▸ TASK TO COMPLETE
Write out, word for word, every line from the one containing "02042018-1336-Blog-084 Просто фото" through the last line of the records below, both ends included.

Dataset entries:
☆ ☆ ☆ ☆ ☆ ☆ ☆
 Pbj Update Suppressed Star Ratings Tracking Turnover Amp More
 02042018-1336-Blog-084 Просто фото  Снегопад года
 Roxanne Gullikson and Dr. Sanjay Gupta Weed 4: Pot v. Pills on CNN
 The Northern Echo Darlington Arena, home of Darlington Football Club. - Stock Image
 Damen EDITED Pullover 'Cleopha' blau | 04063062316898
☆ ☆ ☆ ☆ ☆ ☆ ☆
▸ WRITTEN ANSWER
 02042018-1336-Blog-084 Просто фото  Снегопад года
 Roxanne Gullikson and Dr. Sanjay Gupta Weed 4: Pot v. Pills on CNN
 The Northern Echo Darlington Arena, home of Darlington Football Club. - Stock Image
 Damen EDITED Pullover 'Cleopha' blau | 04063062316898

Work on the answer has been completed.